After nearly 20 years

Flickr/Chuck B.

San Francisco’s kitschy floating restaurant Forbes Island has closed permanently. Located below deck on a small barge designed to look like an island, the restaurant has earned a reputation for sudden, temporary closures, usually for maintenance. But this time the shutter is for good, a Pier 39 spokesperson confirms.

“After nearly 20 years at the Pier 39 marina, Forbes Island has closed and is ready to set sail for a new adventure,” Sue Muzzin tells Eater. Owner Forbes Kiddoo, whom Muzzin calls a “bon vivant and man about town,” has retired, and the island — which is for sale — “will be moved to a new, to-be-announced location.”

Originally built as Forbes’ own personal houseboat, Forbes Island was in business as a restaurant for nearly 20 years. To get onboard, diners took a small shuttle boat from Pier 39. Once there, they enjoyed views from the small lighthouse on deck or lounged beneath the real palm trees before dining on French food that some negative Yelpers compared to cruise cuisine.

Dean C/Yelp

The restaurant was first closed by a fire in 2013, and then again for maintenance in 2016. After reopening for a year, the restaurant closed quietly this spring for “temporary maintenance” according to a voicemail message from director of operations Pierre Bleuse. But now the line’s been disconnected and emails to management bounce back with an apology for the closure.

It’s been a long, strange voyage for Forbes Island. In 1975, namesake owner Forbes Kiddoo began construction on his 700-ton floating barge in Marin. He completed it five years later with touches like mirror-lined bedrooms, a hot tub with a waterfall, and actual sand from Carmel.
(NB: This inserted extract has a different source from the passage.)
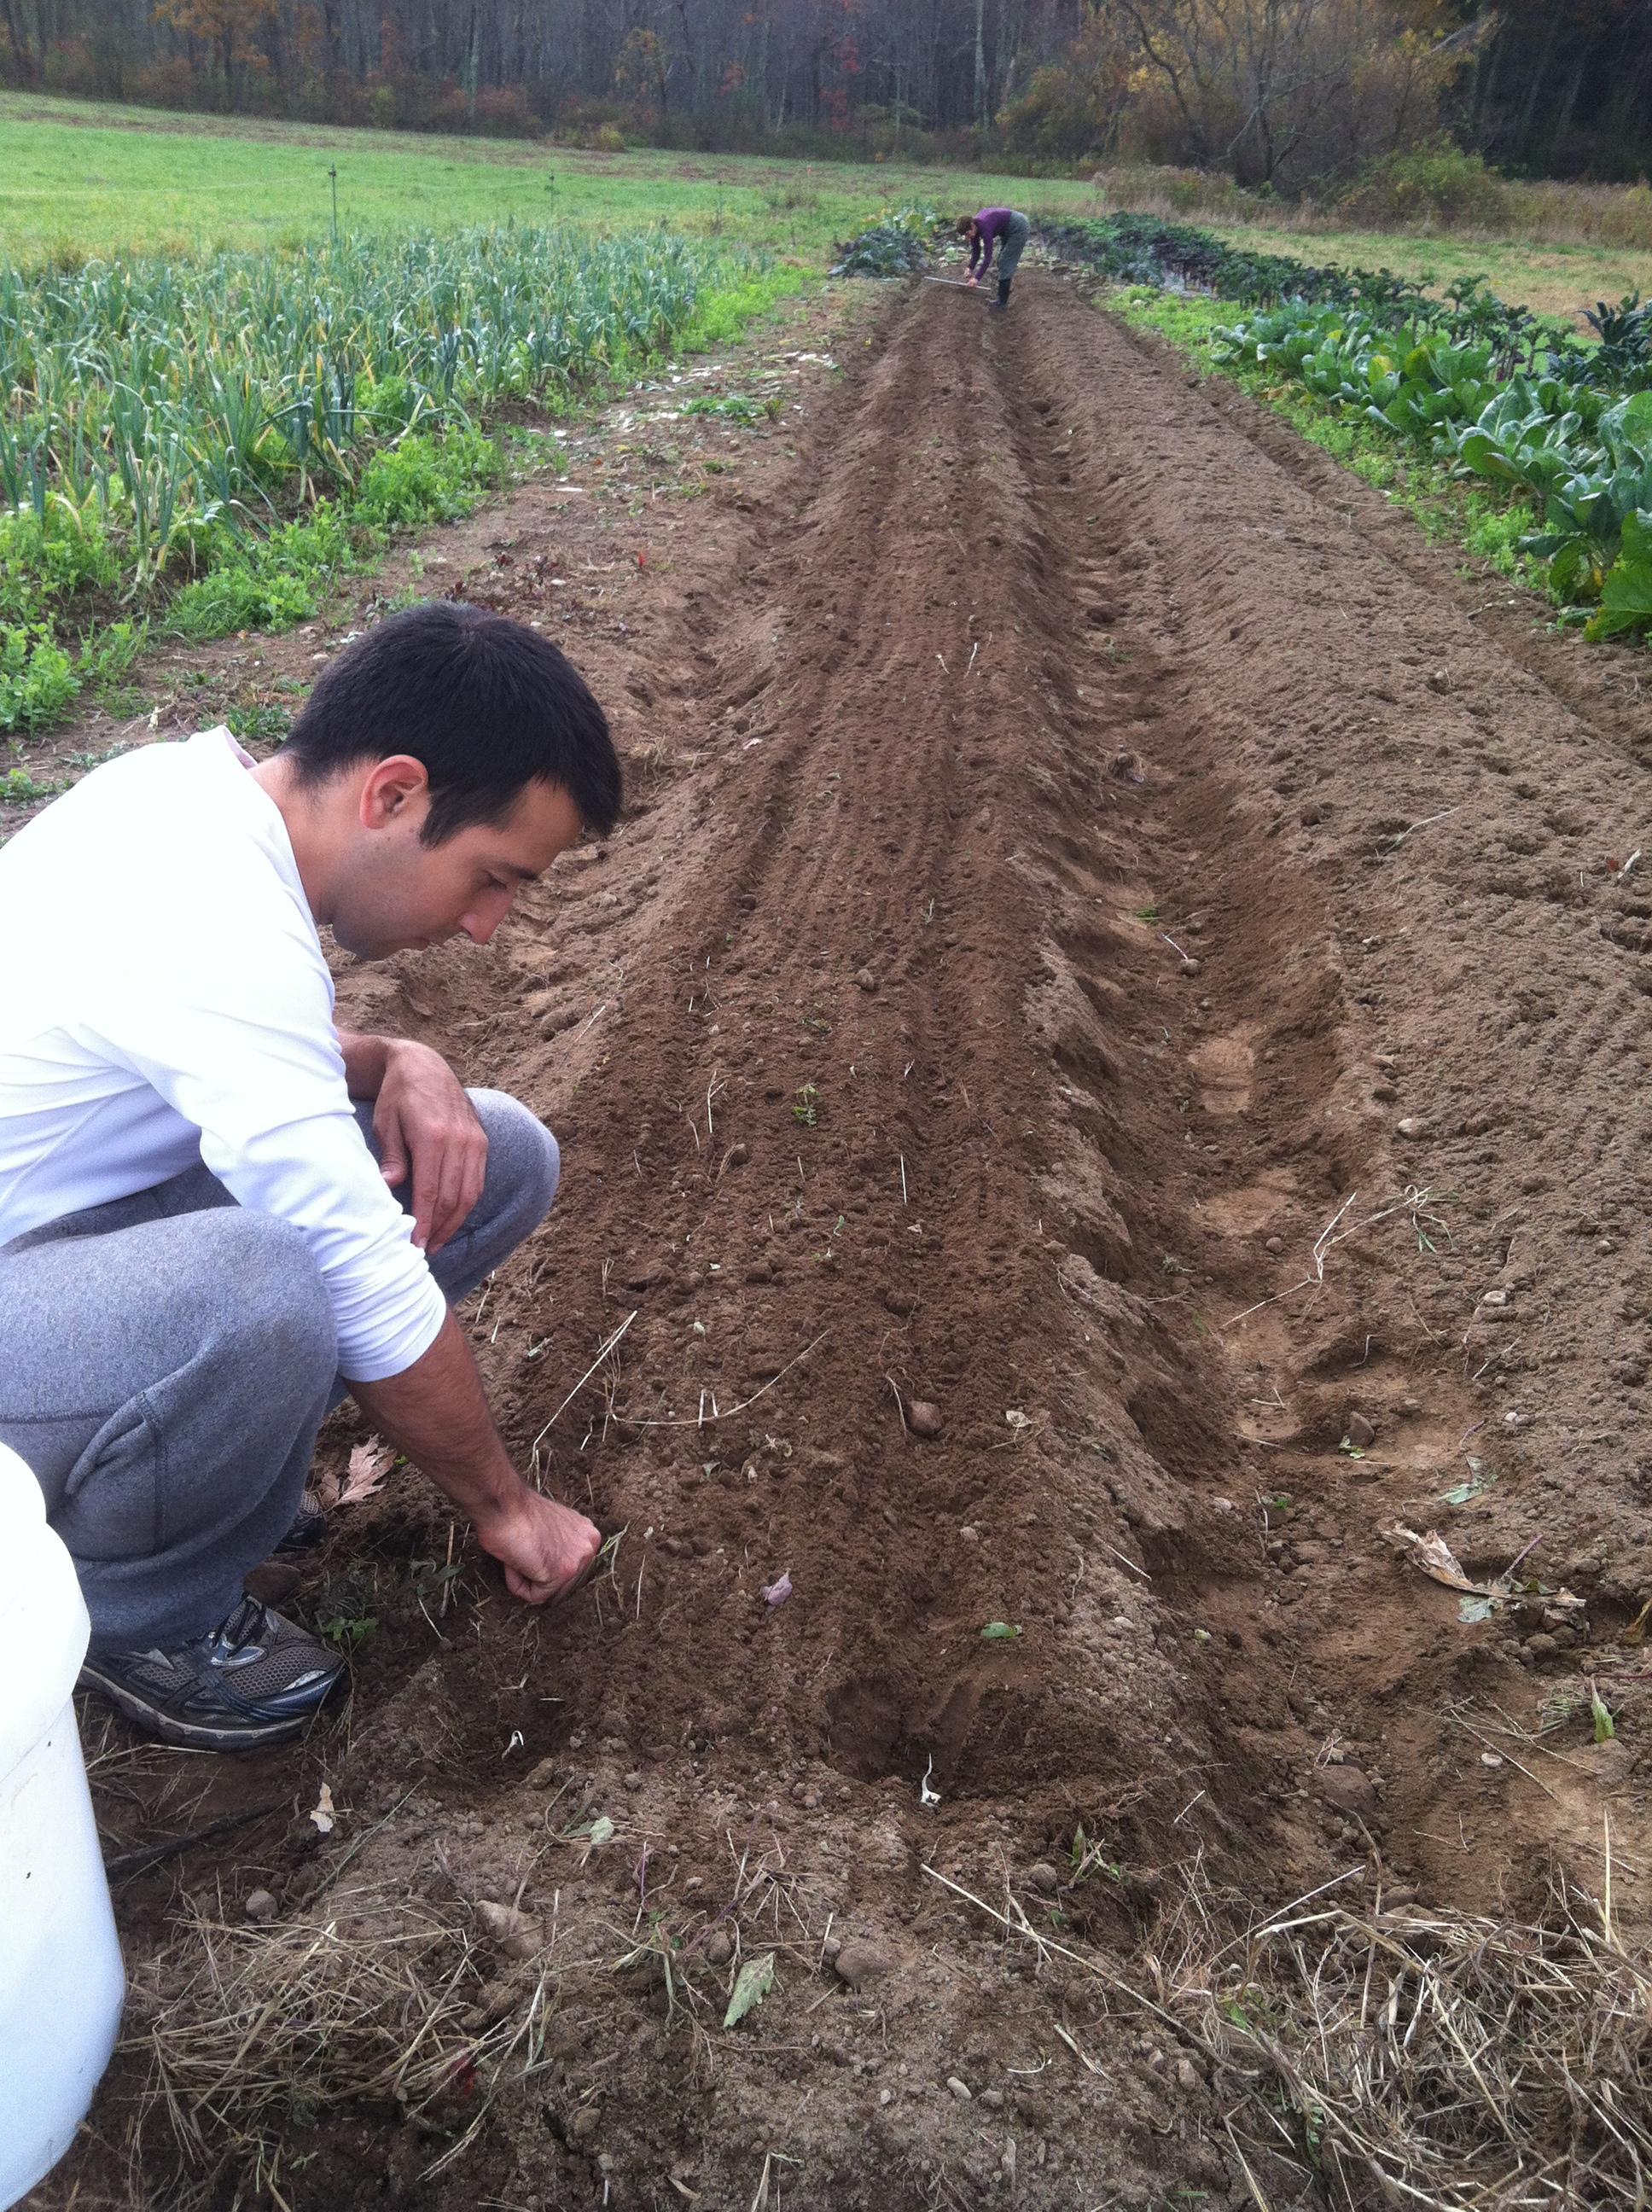 Curtis planting cloves

Kiddoo later tried to sell the boat but couldn’t, then opted to market it as a model home for an entire development of floating “Nautalis Islands” — way before the idea of floating “seastead” islands took off with Silicon Valley libertarians.

In 1987, Forbes towed his island to Sausalito without permission, beginning a ticketed dinner series there, but prompting a battle to evict the barge from the San Francisco Bay altogether. Half Moon Bay later rejected Forbes’ offers to dock the island there, calling his barge a “monstrosity.” Finally, in 1999, Forbes Island took up residency at Pier 39.

“It was a great run,” says Pier 39’s Muzzin. But what lies ahead? Uncharted waters.